Hi, This is Lana, we played the money game and I loved it.
Lana, in blue, with Rebecca, playing the "Wheel of Fortune" game. |
Note: A group of University of Colorado Engineering students in a 2012 Spring Semester class taught by Associate Professor Melinda Piket-May worked on projects to design adaptive technologies to aid increased independence for some of the individuals Imagine! serves. This video shows a "Wheel of Fortune" board, which can help teach about cause and effect, math skills, numbers, money, and turn taking. Here's how the game is played: Players push a button and a light starts going around a “Wheel of Fortune,” then push the button again, making the wheel stop on a spot that corresponds with a coin. The players mark that coin on a score card. Everyone gets five turns. At the end of the game, players add up the coins marked and answer questions about what they can buy with that much money, how many quarters are in a dollar, what they would do if they had a million dollars, and other questions designed to get players to learn while having fun.

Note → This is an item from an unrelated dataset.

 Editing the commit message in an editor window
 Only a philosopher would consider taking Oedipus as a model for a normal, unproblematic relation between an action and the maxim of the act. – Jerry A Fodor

In case you missed it, here’s a video of the CU Students explaining how the technology for the “Wheel of Fortune” works.
I find this interesting because I am going into Therapeutic Recreation and my final is to come up with an activity. Which I came up with an adaptive wheel of fortune and I did not think on how to apply the money aspect into my activity I included other aspects such as colors if my clients I had memory lost or was regaining their memory to their old life.. Thank you fellows.